For these students, along with multilingual learners and students with learning disabilities, performance on a standardized test may not be a completely accurate assessment of their academic abilities
If others in your child’s class are opting out of standardized tests, this can also make a statement. Karmen says that when her children were in school, so many students in their class opted out that the students taking the test were actually in the minority. (It should be noted, however, that New York has had a particularly robust opt-out movement compared to other states.)
“If parents, in large numbers, opt out of high-stakes tests, they force decision-makers to pay attention and create an opportunity for change,” James Nehring, a professor of leadership in schooling at the University of Massachusetts–Lowell, wrote in an email.
How Can I Opt Out?
Just as ESSA mandates standardized testing for public school students, it also leaves room for states to decide how to handle opt-outs.

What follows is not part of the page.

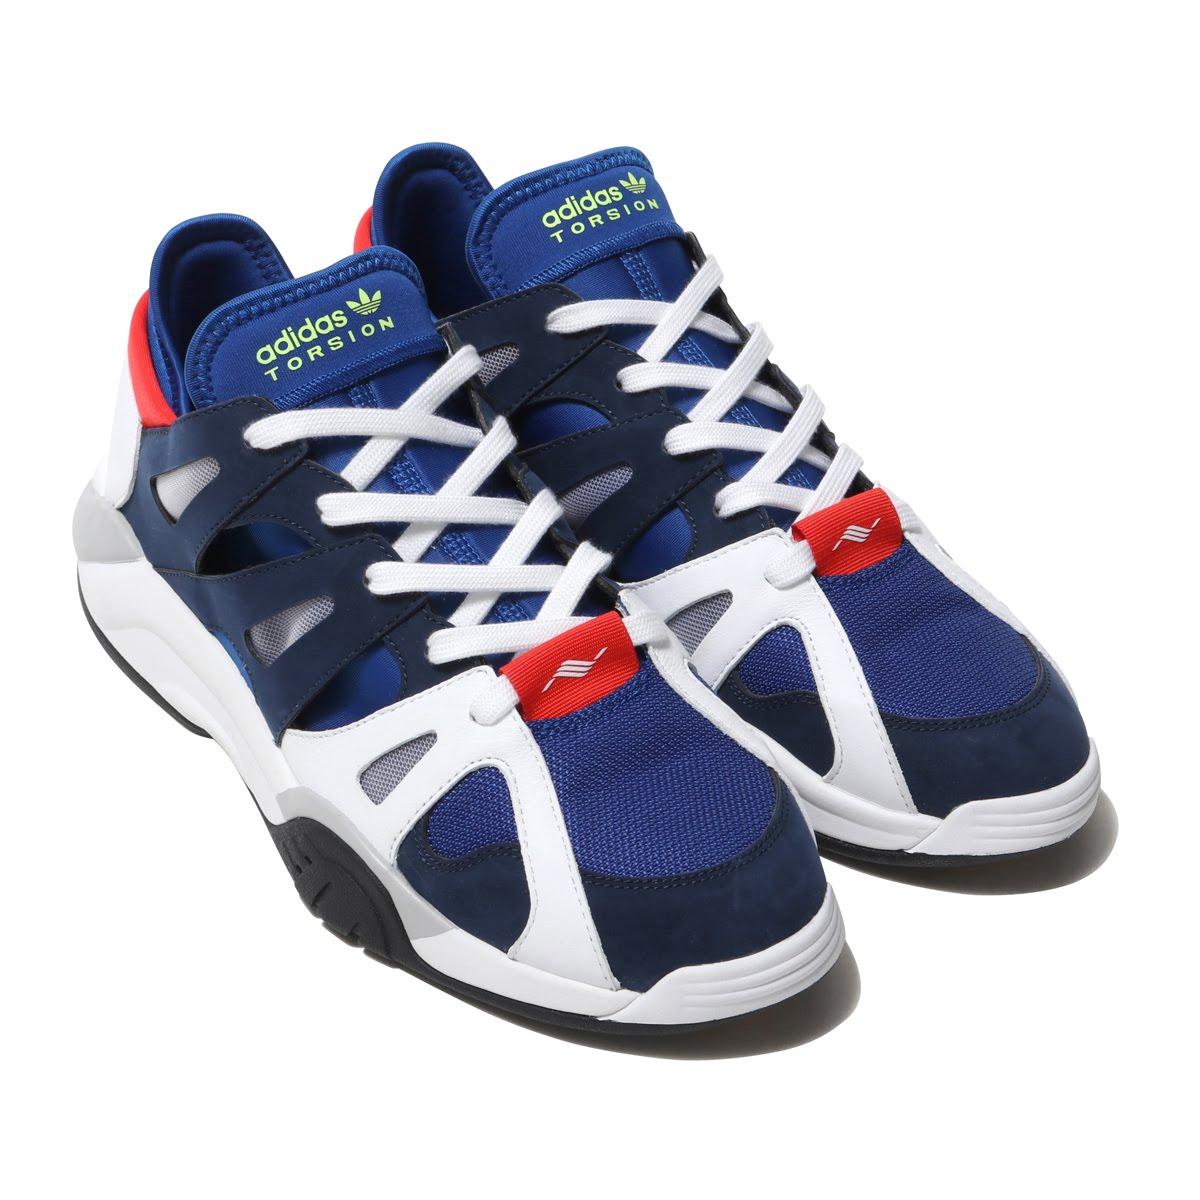 adidas Originals DIMENSION LO(アディダスオリジナルス ディメンション ロー)COLLEGE ROYAL/COLLEGE NAVY/RUNNING WHITE【メンズ レディース スニーカー】19SS-I

Advocates for opting out recommend that parents opt out by sending a letter to the principal of their child’s school. It doesn’t have to be particularly detailed, either – the National Center for Fair and Open Testing provides parents with the following template for an opt-out letter:
“I want to let you know we do not want our child, [name], to take part in the [name the standardized exam] this year. Please arrange for [him or her] to have a productive educational experience during the testing period.
In theory then, opting out of standardized testing ought to be a fairly simple process. However, there are some limits to this. Page and Guisbond both note that in their state of Massachusetts – along with seven others – a high school exit exam is necessary for students to receive their high school diplomas. While these states are a minority, it’s still important to do your research to make sure your child isn’t missing out on something that will affect their educational career.
Nehring warns parents that, while opting out in large numbers can be an effective form of protest, it may be risky to opt out alone. Guisbond says she’s heard of instances where parents attempting to opt their child out of standardized testing have been refused or told their child would be given a makeup test later on. In Florida, some third graders were even held back in 2016 for refusing to participate in state assessments.
As a result, factors like the number of students opting out at your child’s school and your school’s response to that initial opt-out letter may ultimately determine whether or not you go through with opting your child out of standardized testing.
And while ESSA requires 95% of students in each school to take these assessments, it leaves the enforcement of this up to the states, requiring them to develop an accountability plan in the event that a school or district fails to meet this standard. According to a 2021 report from the University of Minnesota, the vast majority of states across the country had participation rates at or above 95% for the 2018-2019 school year.
Each state has a different action plan for how to address low participation rates, making it important to research your local situation. California, for example, takes note of low participation rates but these rates are not factored into a school’s rating; Florida, on the other hand, mandates direct intervention from the state’s Department of Education until participation rates are met.
However, schools cannot directly lose federal funding due to low participation rates, and advocates for opting out say parents generally don’t need to worry about negative impacts on their student’s school by opting out.